4.6 Limitations and future work
We propagated several assumptions from the TriSeg model including spherical ventricular geometries and sarcomere length-tension relationships from isolated rat cardiac muscles. In this study, we used a simplified circulatory system that lacks compensatory and regulatory mechanisms, such as the baroreflex (Jezek et al., 2022). However, to overcome this, we employed compensatory volume overload as a surrogate, showing similar regulatory effects. For simplicity, we have not explicitly modeled the atria but instead incorporated the volumes occupied by the left and right atria into the venous and systemic venous compartments, respectively. Thus, the atrial volume does not contribute to the overall pericardial volume in this model which leads to a slightly different behavior in vivo. However, the pericardium still comes into effect at higher volumes. Future work can include the incorporation of atria as well as further investigation into modeling pericardial dynamics. By modeling only forward blood flow through the heart valves, we have ignored phenomena, such as valve regurgitation (Havlenova et al., 2021), to maintain focus on the interaction between the ventricles as high pressure develops during HF. The impact of valve regurgitation in disease is an active area of research (Korakianitis and Shi, 2006; Blanco and Feijóo, 2010; Pant et al., 2016; Chabiniok et al., 2017; Sacks et al., 2019). Future work includes modeling this phenomenon in this system and its impact on VVI. More biophysically based models may be able to explain the observed phenomena in a more detailed fashion. Here we present a simple, low-order model to conduct our initial investigations, but our modeling framework allows for the flexibility to integrate with more detailed models as in (Hunter et al., 1998; Lumens et al., 2009; Niederer, Campbell, and Campbell, 2019; Beard et al., 2022). Lastly while there are limitations to this idealized subject forward-modeling approach, we reference published data and results to corroborate the model outputs and results, and the updated parameterization of the model facilitates the use of clinical data and subject-specific modeling in the future.

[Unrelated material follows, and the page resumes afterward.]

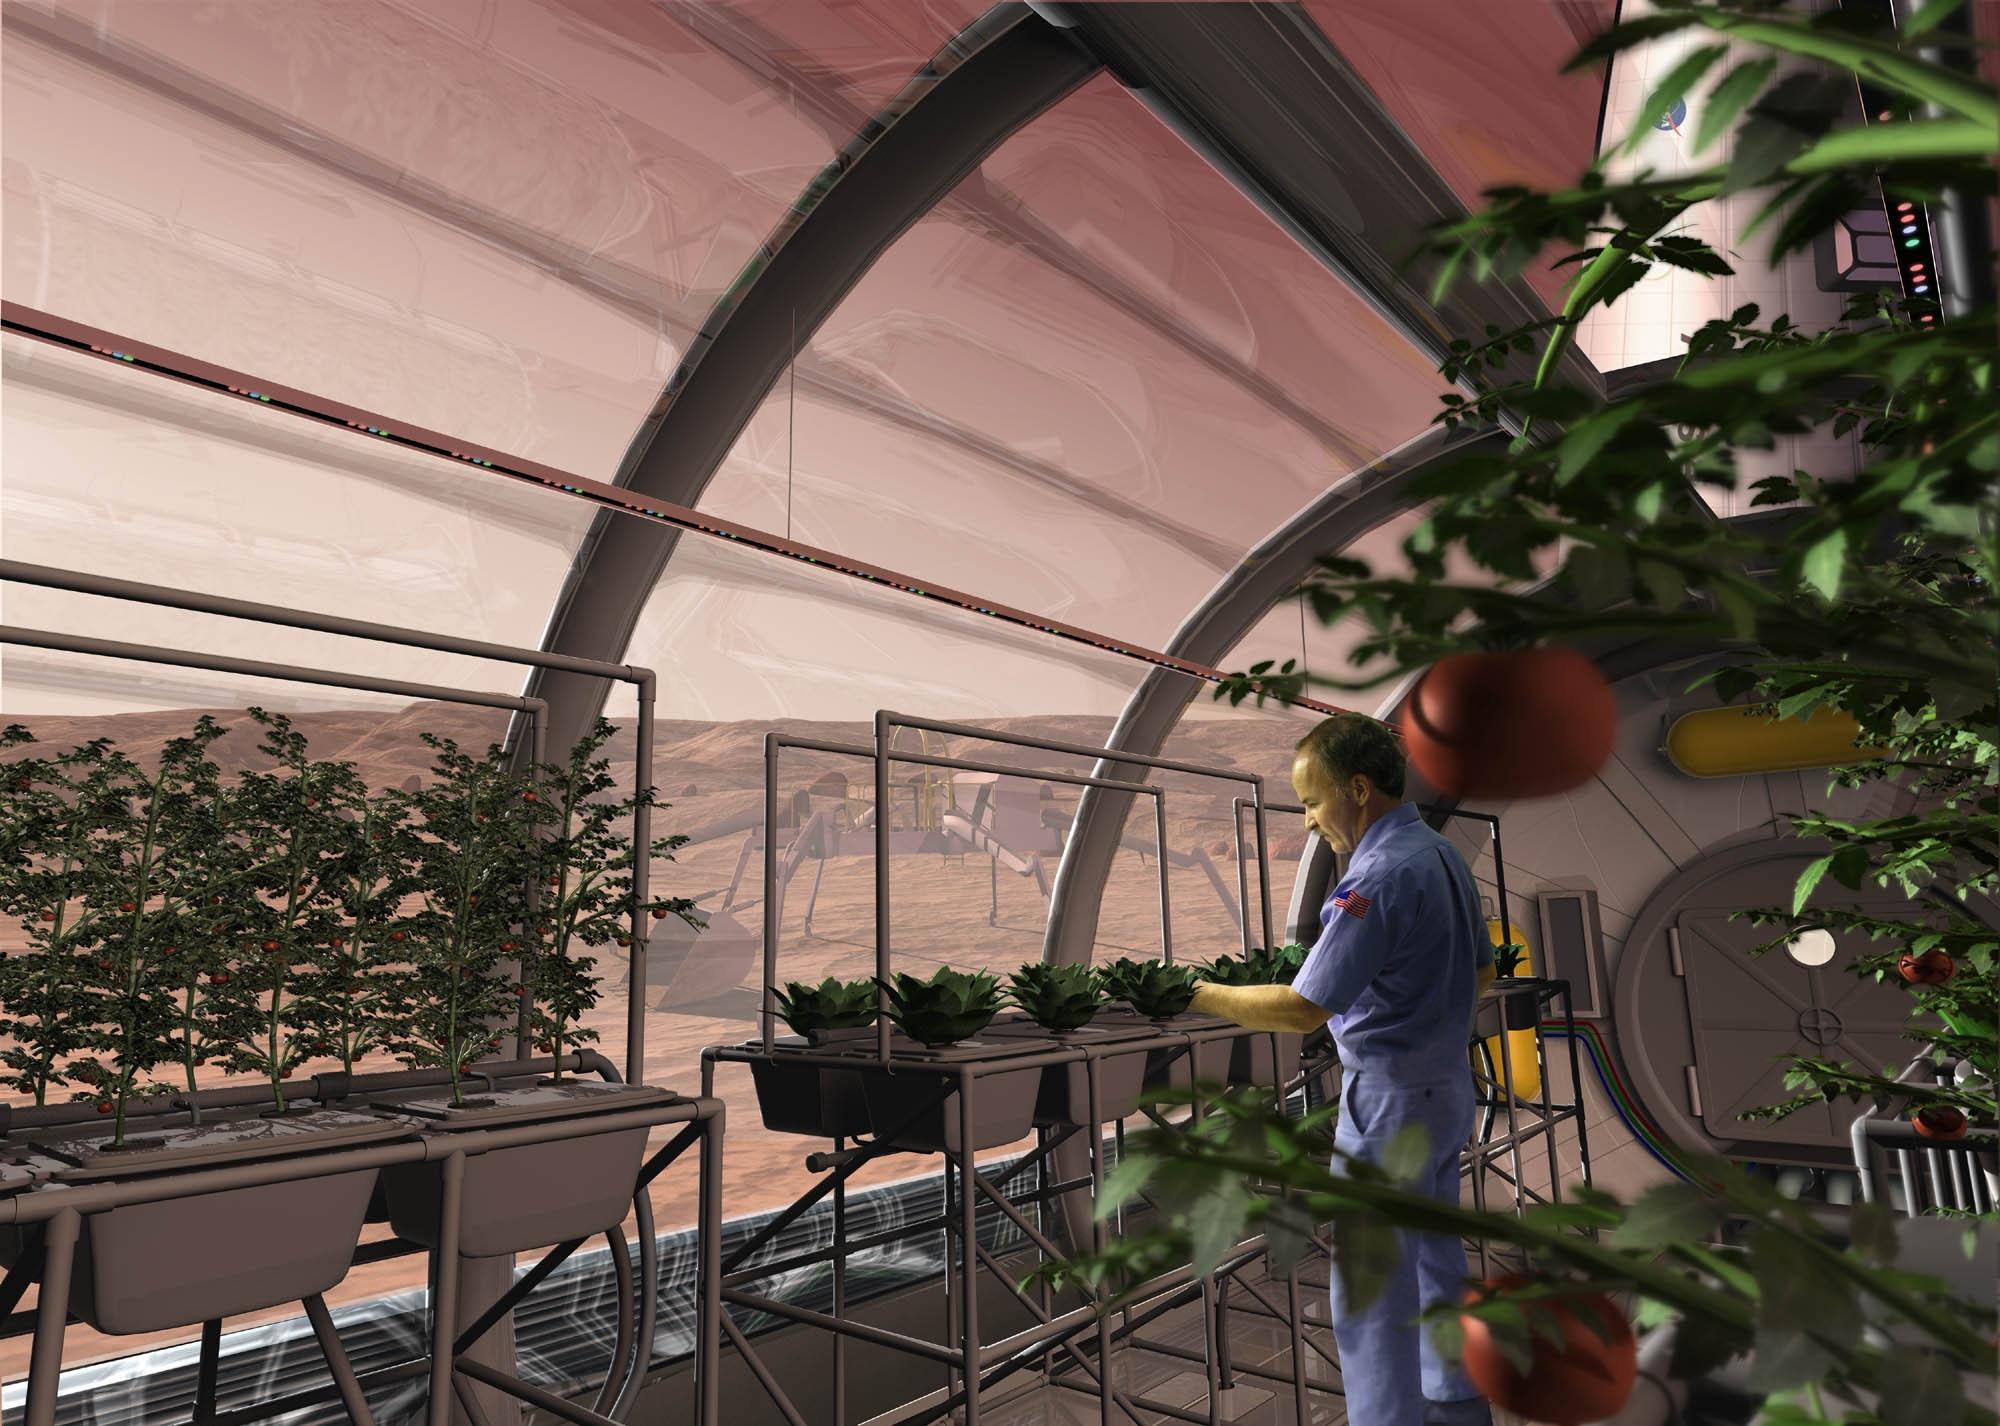 nasa plant researchers explore question of deep space food crops

Further model validation routes include identification of the model data from clinical and preclinical studies. Clinical data may include right heart catheterization and echocardiograms from HFpEF patients to which the model could be fit using the approach described in Jones et al. (2021). Additionally, future experiments in which simultaneous biventricular pressure-volume loops and septal curvature data are obtained under baseline conditions, with volume loading, and during various perturbations to LV and RV free wall mechanics would provide key evidence to test the hypotheses inherent in the model.
5 Conclusion
In this study, we developed and parameterized a subject-specific mathematical model of cardiovascular function and biventricular mechanics to investigate several modes of heart failure, including systolic and diastolic dysfunction of the left and right ventricles. In acute LV systolic and diastolic dysfunction, the simulations captured RV compensation with systemic volume loading to maintain stroke volume and mean arterial blood pressure. In RV systolic and diastolic dysfunction, RV dilation and volume overload impaired LV filling, resulting in an LV diastolic dysfunction caused by mechanical interventricular interactions rather than LV myocardial stiffening. We also observed that three of the dysfunction simulations (LV diastolic dysfunction, RV systolic and diastolic dysfunction) exhibited phenotypes seen in HFpEF, suggesting multiple modes of heart failure in HFpEF, which is consistent with and may help to explain the clinical heterogeneity of HFpEF. More defined diagnostic sub-categories of HFpEF will allow for the development of targeted treatments and improved outcomes of this disease.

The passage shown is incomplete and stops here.